Writing a different future for the planet

Climate Change Teach-in session delves into role of speculative fiction in the environmental debate
March 30, 2016
Writing a different future - Climate Change Teach-in on Speculative Fiction

In his 2006 film "Children of Men," director Alfonso Cuarón lays out a bleak vision of the future: nearly two decades of human infertility have left society angry, violent and hopeless.

But tucked into the “extras” on the DVD of the movie is a documentary that may be even more bleak than the movie itself because it provides a non-fiction look at how climate change could lead to worldwide chaos.

Called “The Possibility of Hope,” the documentary provided a riveting backdrop for discussion in “What’s Coming: Speculative Fiction and Climate Change,” one of the many compelling events held on Clark’s annual Climate Change Teach-in March 23.

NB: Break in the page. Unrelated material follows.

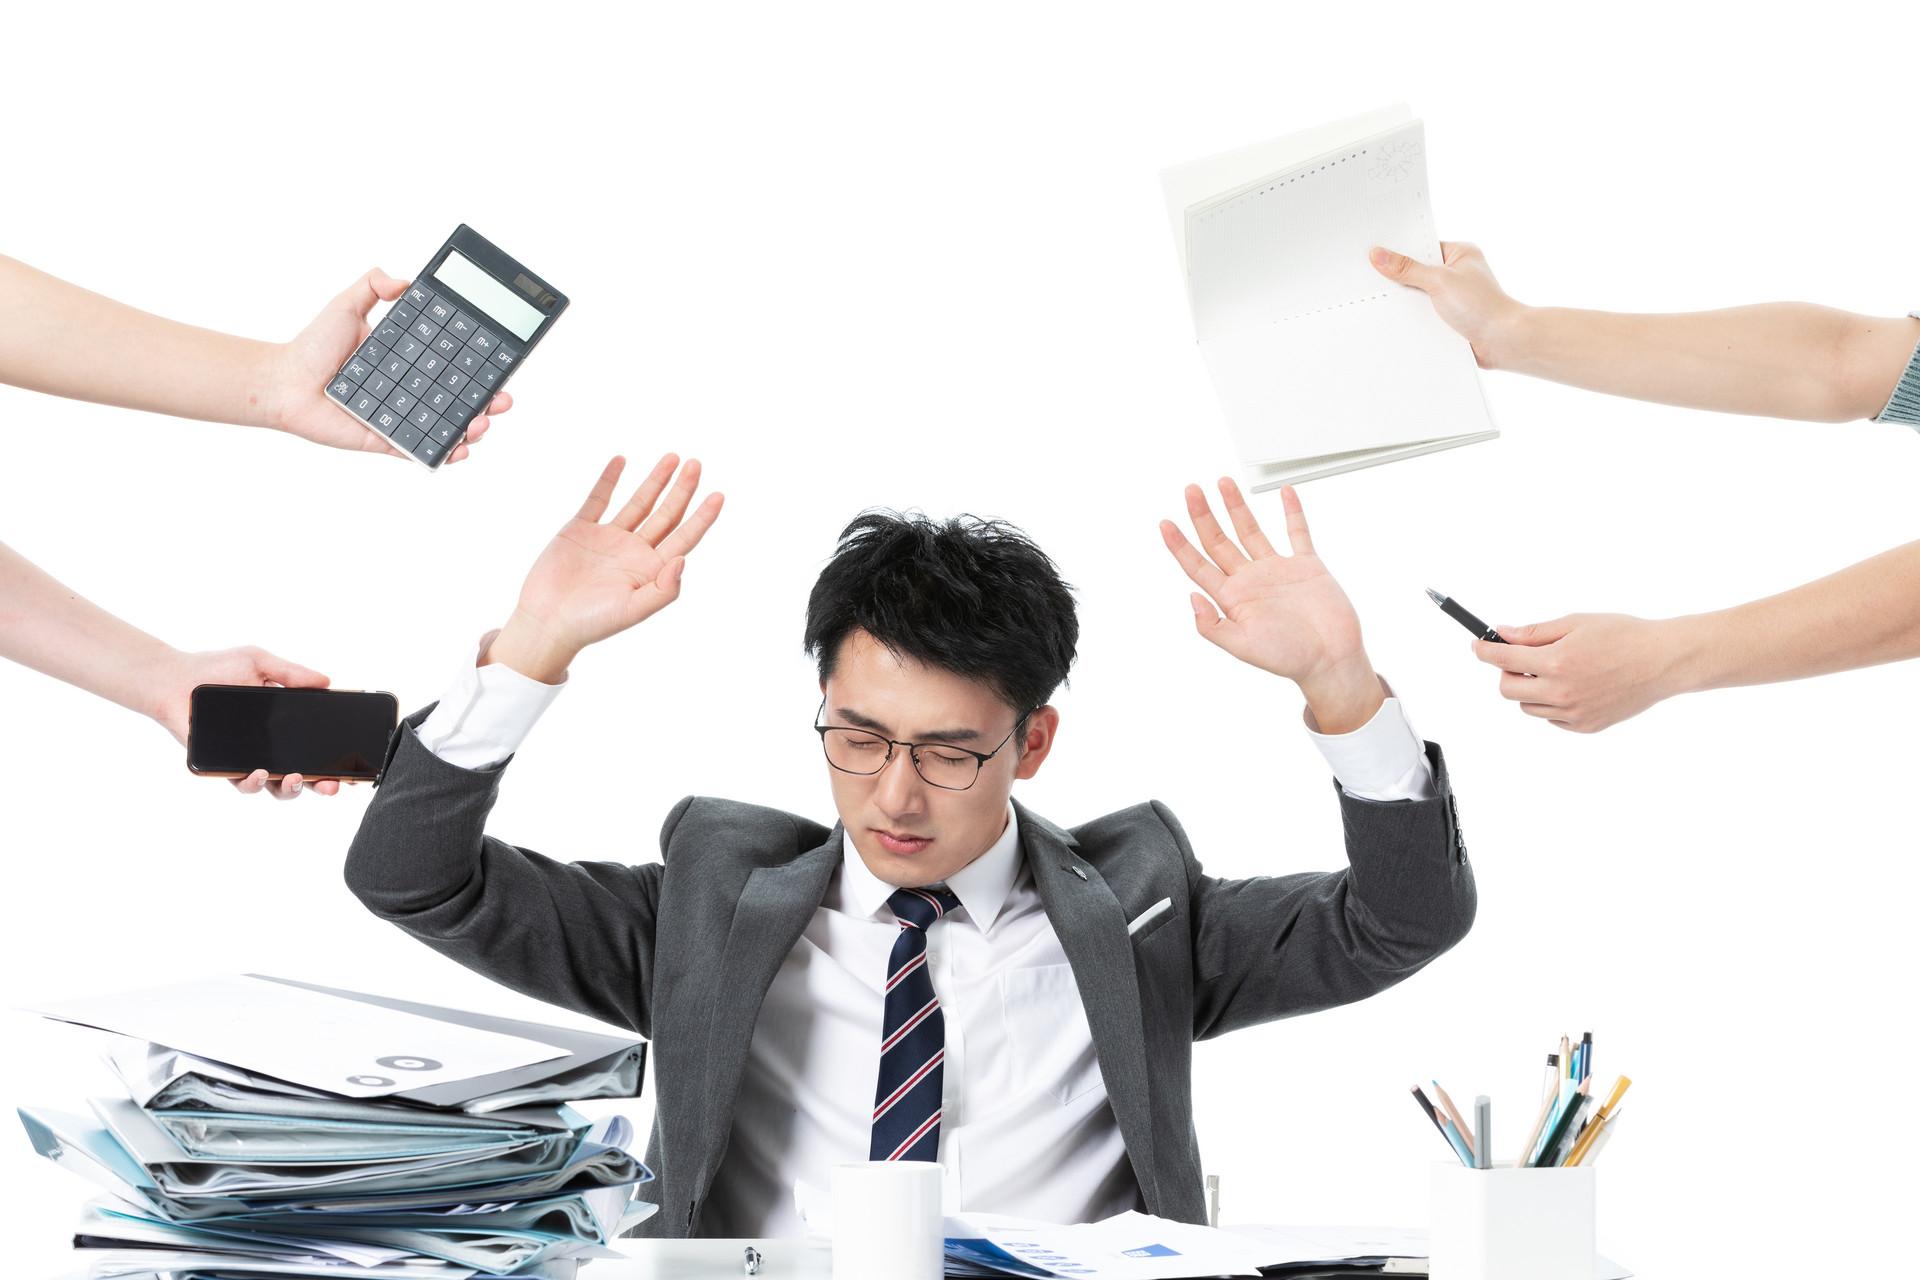 用excel制作工资条简单吗?怎样操作呢?

Hosted by Walter Wright, professor of Philosophy, Betsy Huang, associate professor of English, and Stephanie Larrieux, assistant professor in Visual and Performing Arts, the session posited the question: In the face of massive changes to our planet, is there any hope that things will improve, or do we face a future where water, food and shelter are no longer basic human rights?

And, more to the point, what can speculative fiction (Cuarón’s movie was based on the novel of the same name by author P.D. James) tell us about a possible path forward for humanity?

“[Speculative fiction] gives me hope,” said Larrieux. “The fact that you can imagine a [different] future means you can envision a variety of futures.

Huang, meanwhile, wondered if people could become overwhelmed by the possibilities laid out in these types of stories.

“The way [speculative fiction] compels us to think about what might happen could mobilize us, but it could also paralyze us,” she said. “When you see so many things coming at you, how do you survive?”

Attendees also shared their thoughts, which touched on such things as politics, humanity, migration, mobilization, tribalism, walls and borders.

In the end, Wright summed up the conversation in this way: “These books envisage futures and play out alternatives so we can reflect on that and act. They give us a chance to begin to live now the way we want to live in the future.”